- [ASSIGNED TASK]:
Quote exactly, and only, the lines from the one containing "You Recently Viewed" through the end of the material below. Skip pictures.

- [INFORMATION PROVIDED]:
# # # # #

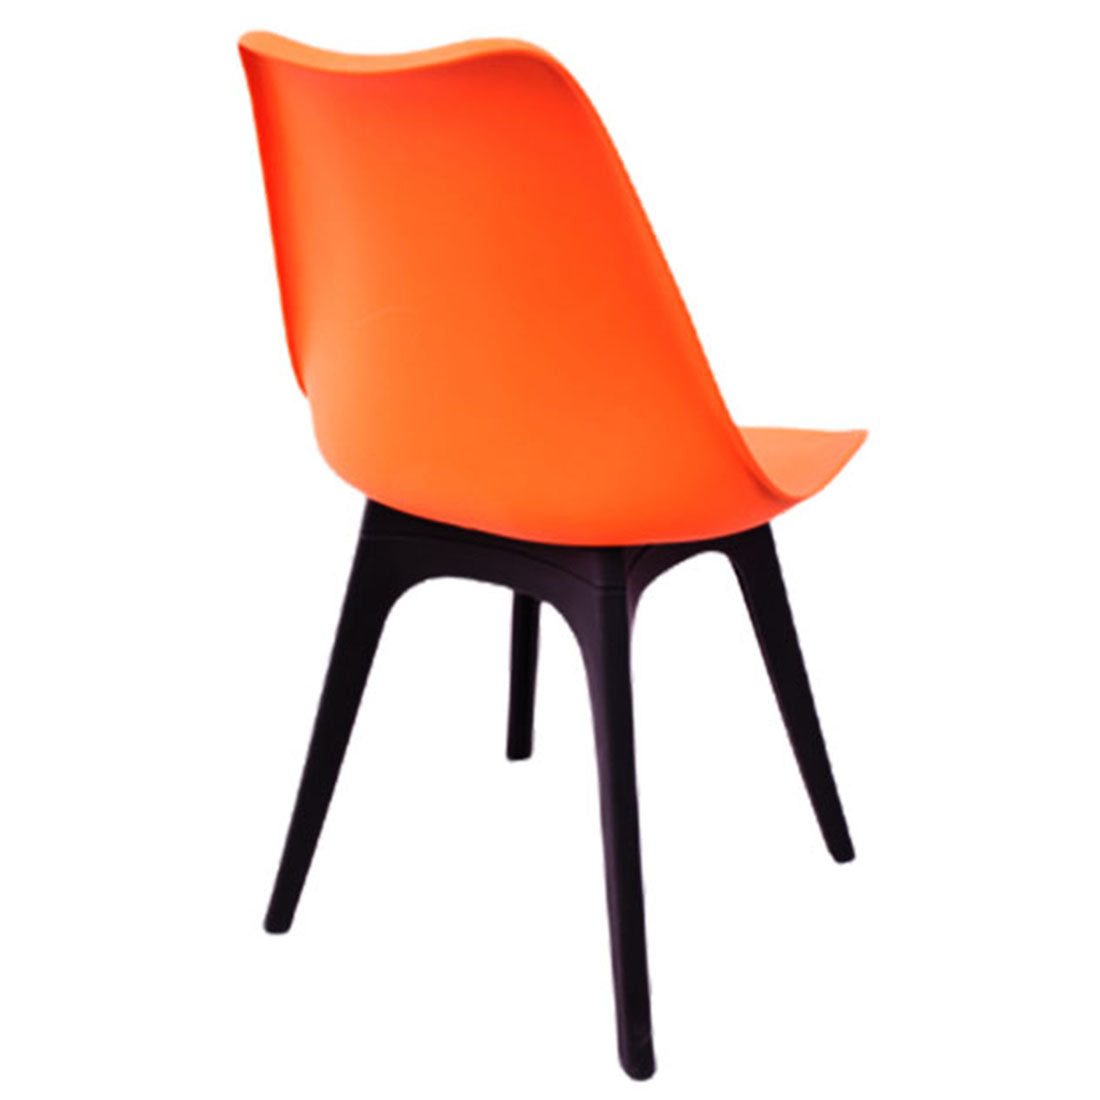 Dining Chair Wood Base Plastic Cafeteria Chair (Orange)
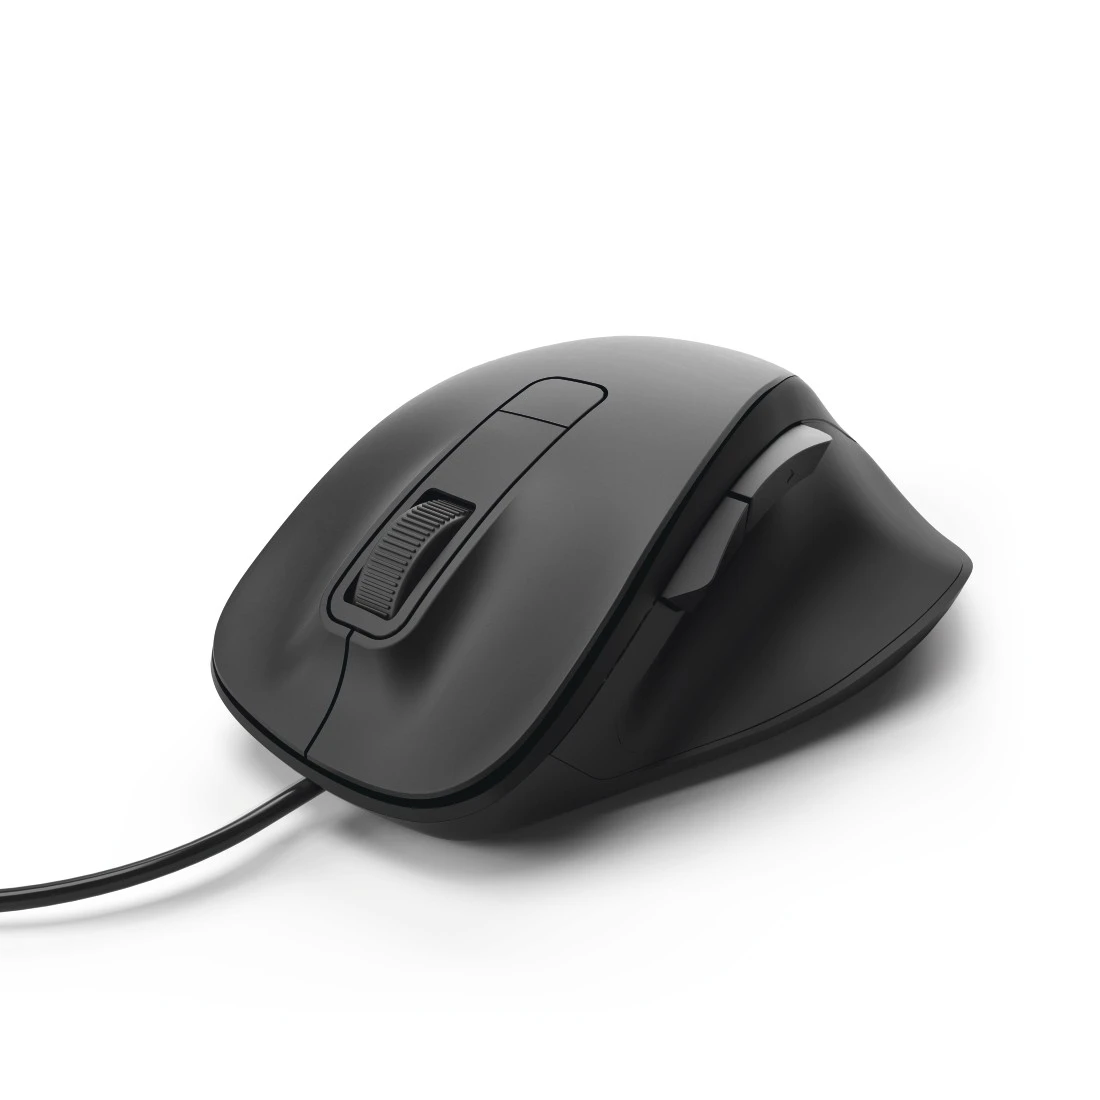 You Recently Viewed Hama 00182612 MC-500 Optical 6-Button Mouse, Cabled, black Image
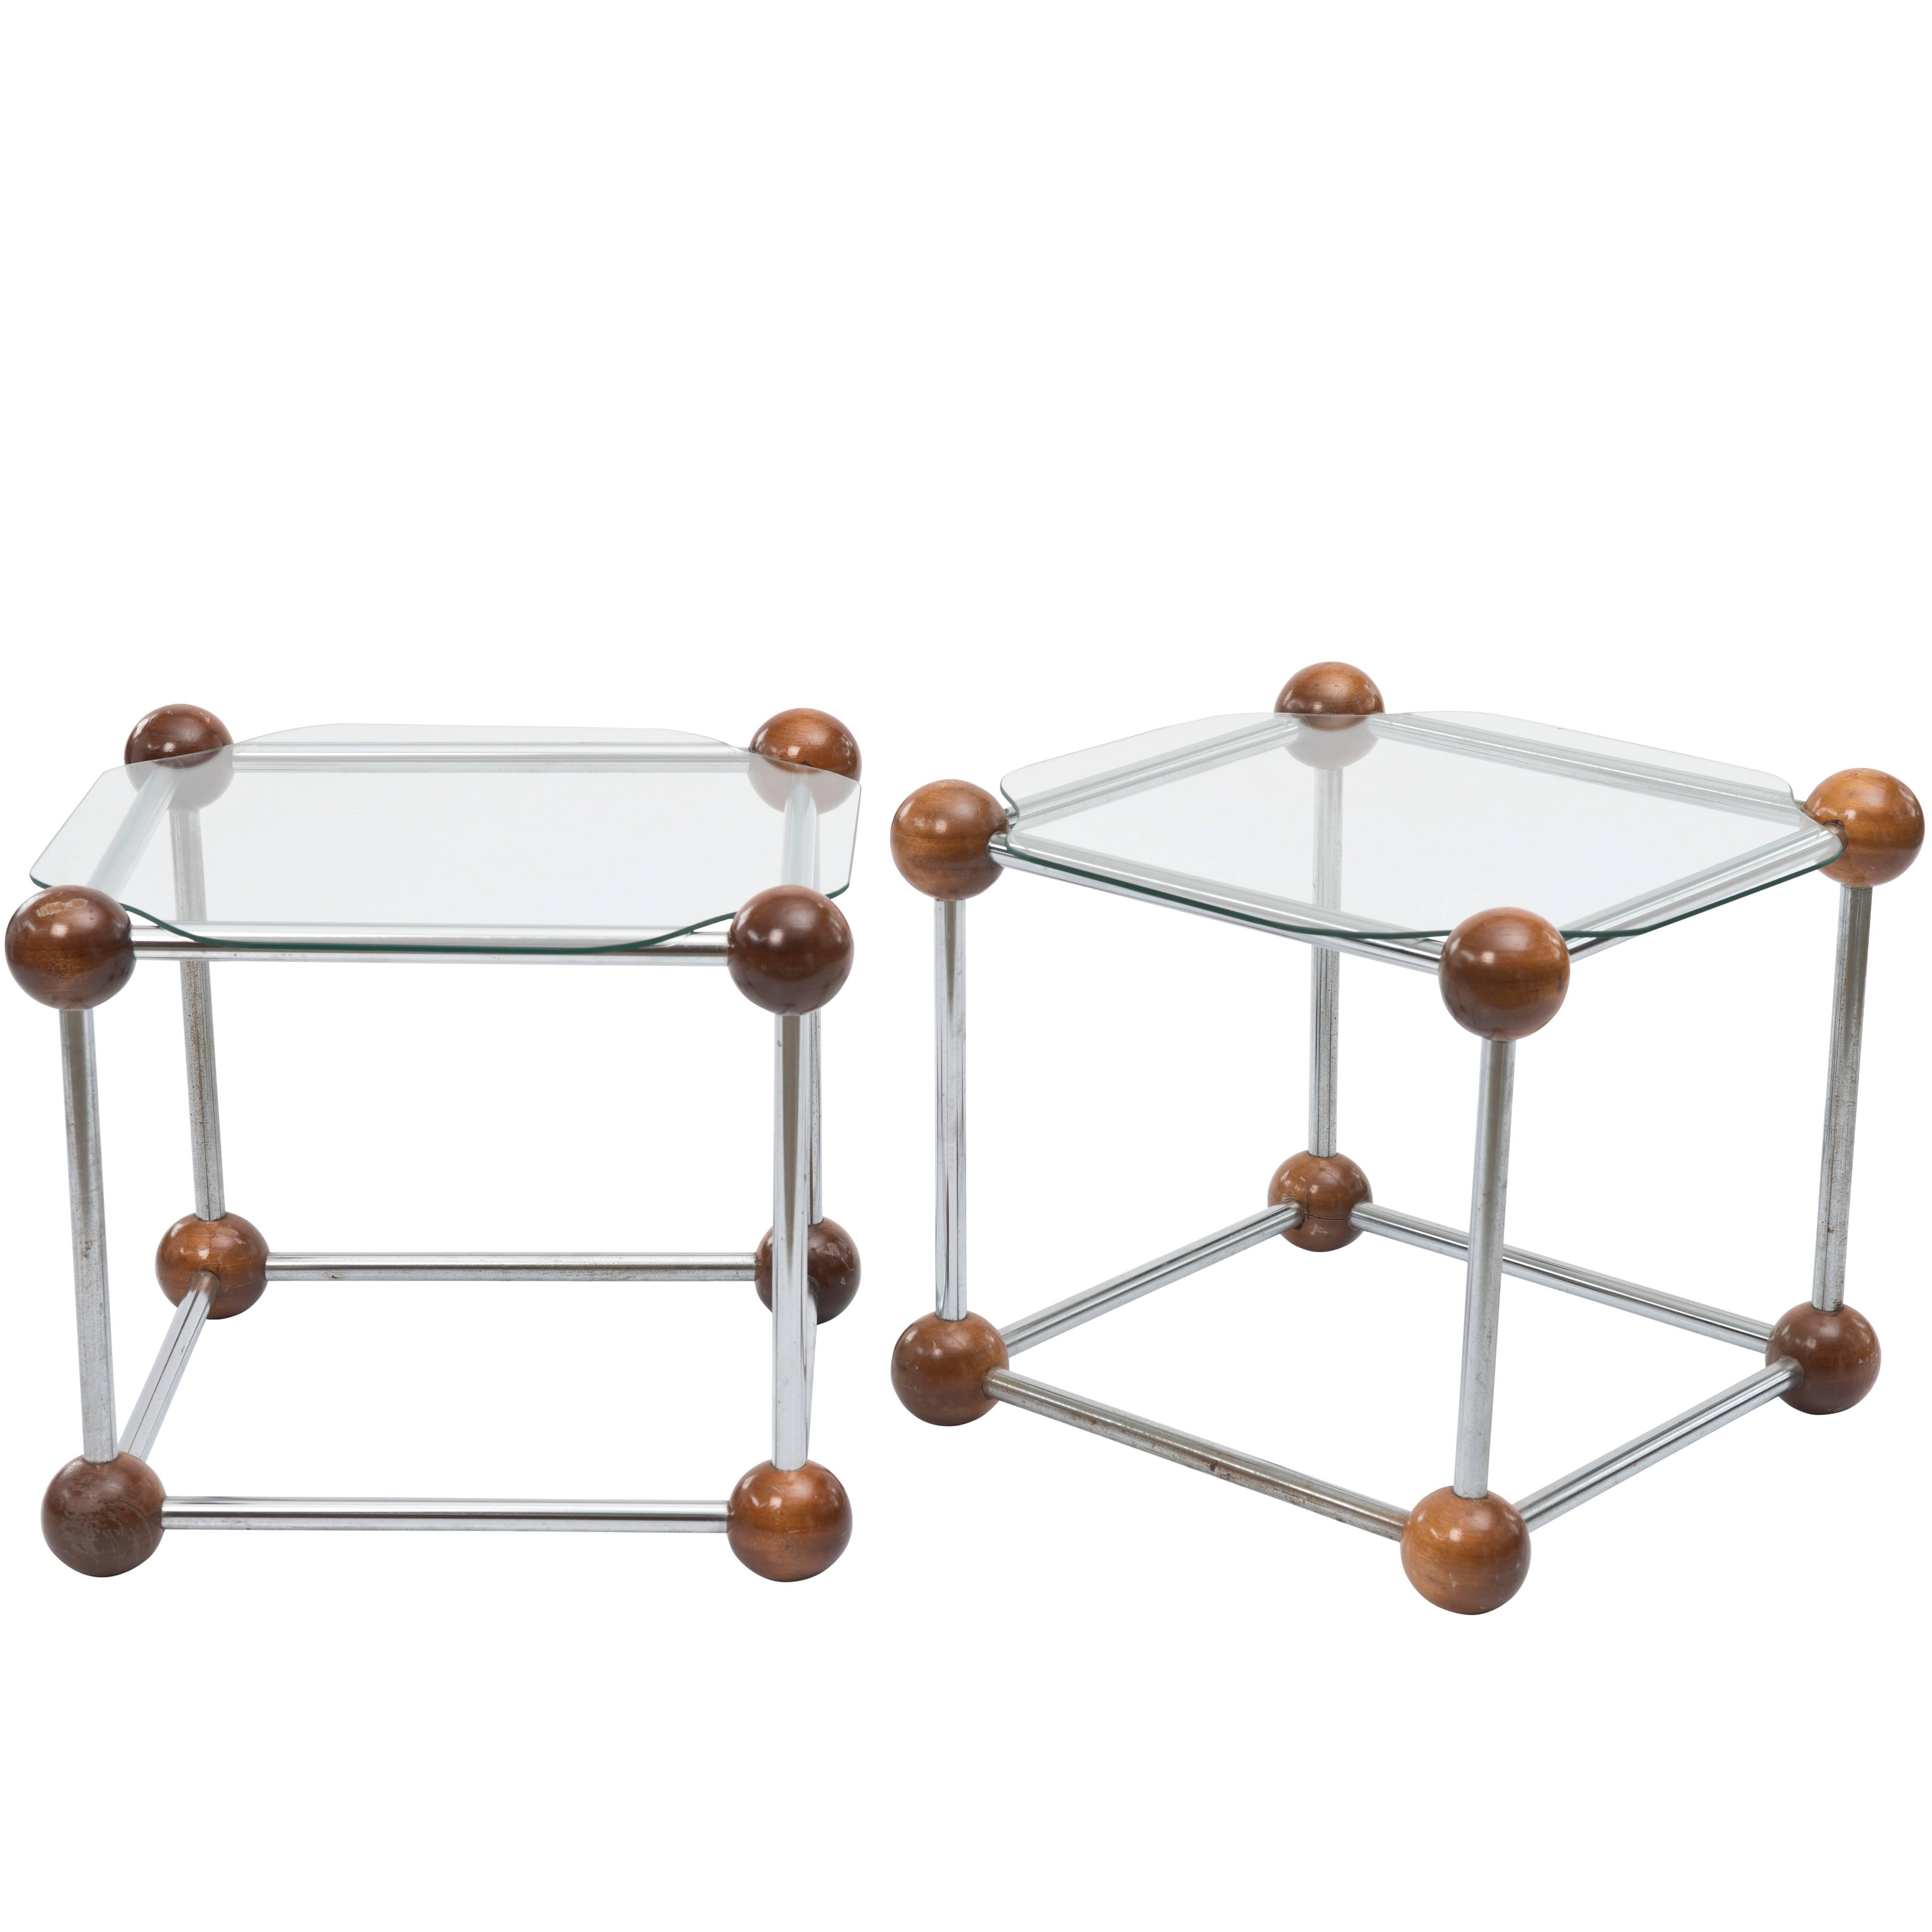 Atomic Age Side Tables For Sale
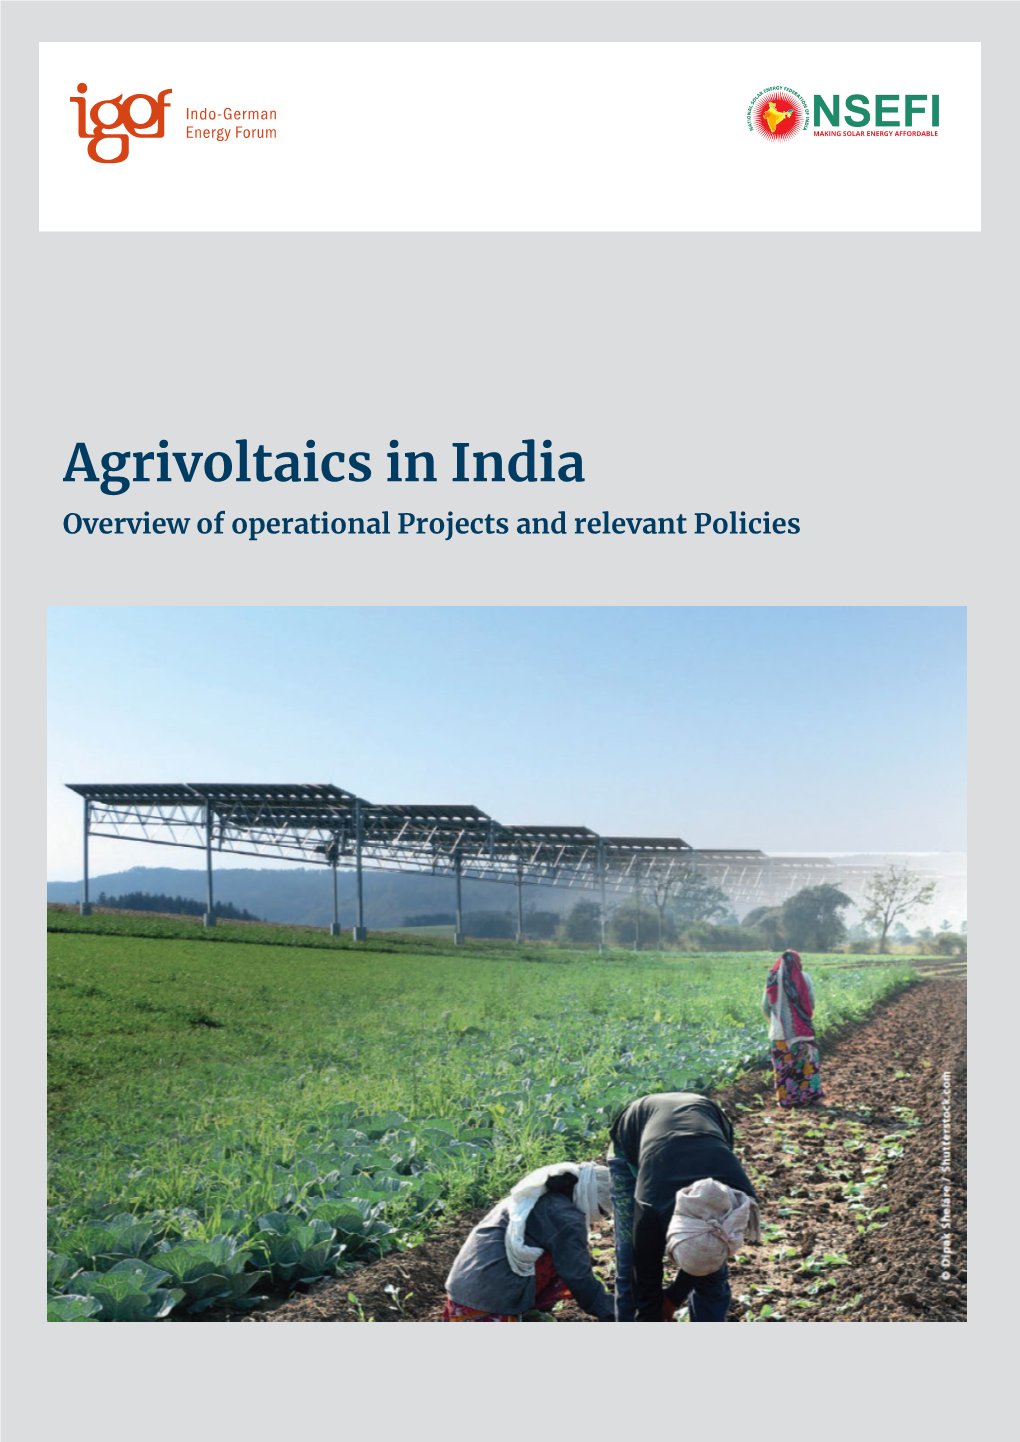 Overview on Agrivoltaic Projects in India

# # # # #

- [SOLUTION BELOW]:
 You Recently Viewed Hama 00182612 MC-500 Optical 6-Button Mouse, Cabled, black Image
 Atomic Age Side Tables For Sale
 Overview on Agrivoltaic Projects in India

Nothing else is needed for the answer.